Question

We would like to give access to some of our EJBs from Excel. The goal is to give an API usable from VBA.

Our EJBs are mostly Stateless Session Beans that do simple CRUD operations with POJOs.

Some possible solutions:

  • Exposing the EJBs as WebServices and create a VB/C# dll wrapping them,
  • Using Corba to access the EJBs from C#,
  • Creating a COM Library that uses Java to access the EJBs,

Pointers to frameworks for these solution or other ideas are welcome.

Was it helpful?

Solution

You could take a look at IIOP.NET, which addresses this issue.

OTHER TIPS

If you have a fairly recent ejb container, the cheapest and easiest should be to expose your beans as web services and call it from VB/C#. This doesn't require any extra tool or library.

I work on an open source project called XLLoop - this framework allows you to expose POJO functions as Excel functions.

It consists of:

  1. An Excel add-in (XLL), which communicates over TCP to:
  2. A Java server/library, which invokes java methods.
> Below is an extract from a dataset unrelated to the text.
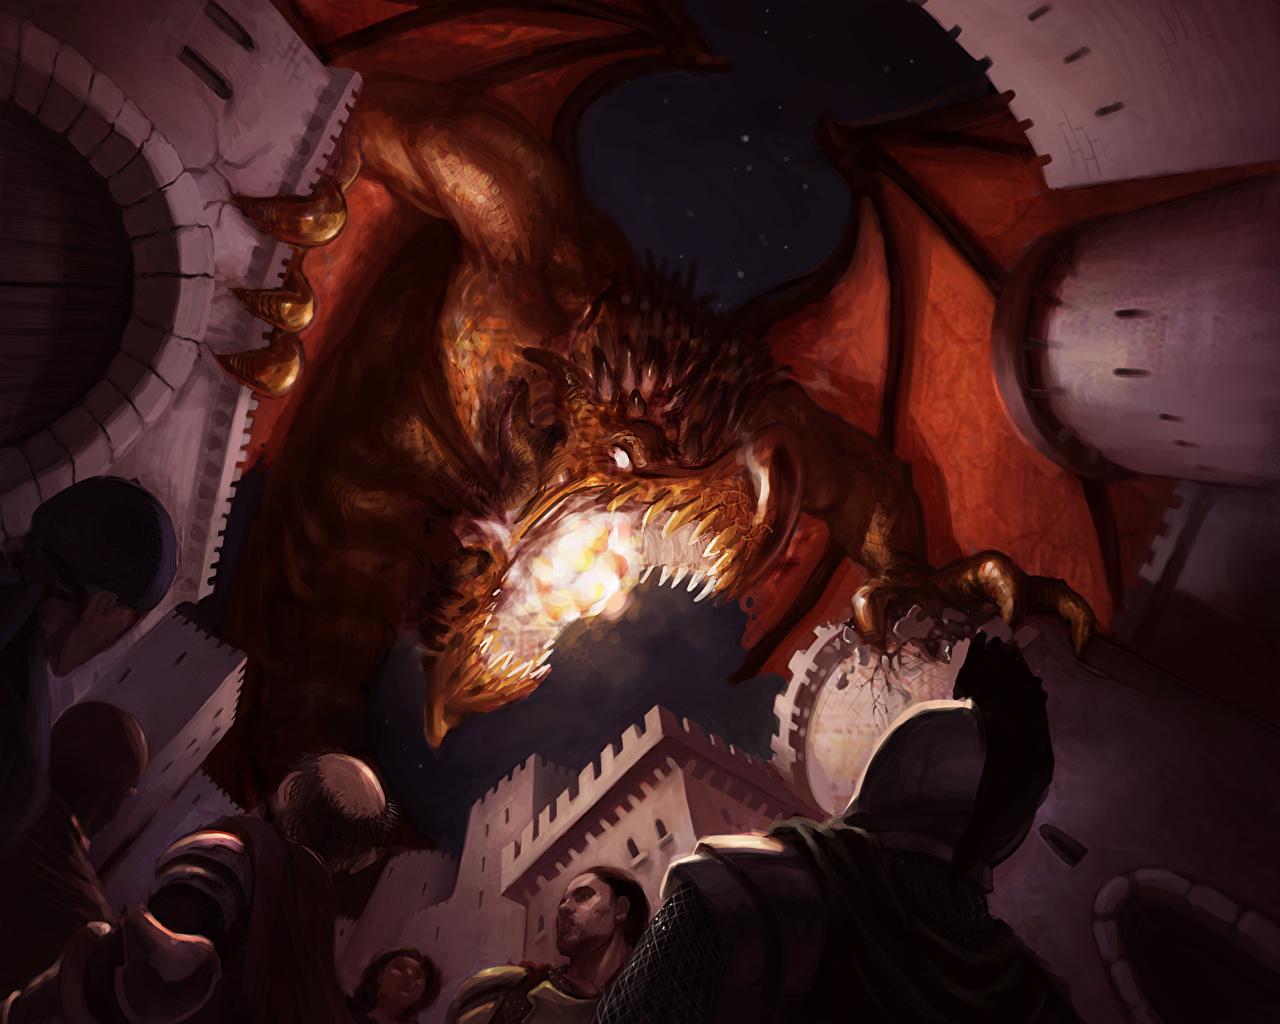 Foto een draak Krijger Burcht Fantasy Vuur Veldslag Draken krijgers vlam de strijd

You could embed this java function server in an EJB and have it deployed as part of your app server.

Back in the VB6/COM/DCOM times we used the suite J-Integra to accomblish this task. I have no experience with the .NET version though.

I highly recommend IKVM. It is a java byte code to .NET assembly compiler (i.e. JAR --> DLL) and I have used it to create live JMX links and listeners in an Excel automation server. It should not be difficult for you to create a .NET assembly of your EJB client stubs and supporting libraries.

//Nicholas

You could try Obba (I work on this project):

Obba is a Java object handler for spreadsheet applications.

It provides a bridge between spreadsheets and Java classes, such that spreadsheets can be used as graphical user interface for Java libraries. Accessing your Java library form the spreadsheet requires no glue code (no VBA needed, no special Java code needed). Objects are instantiated by their original constructor. Constructors and methods are invoked using a "by name" reflection. A spreadsheet-specific factory method is not necessary. Obba provides the functions to handle objects in spreadsheets.

The Java virtual machine providing the add-in may run on the same computer or a remote computer - without any change to the spreadsheet, i.e., object referenced in the spreadsheet can reside on remote Java virtual machine.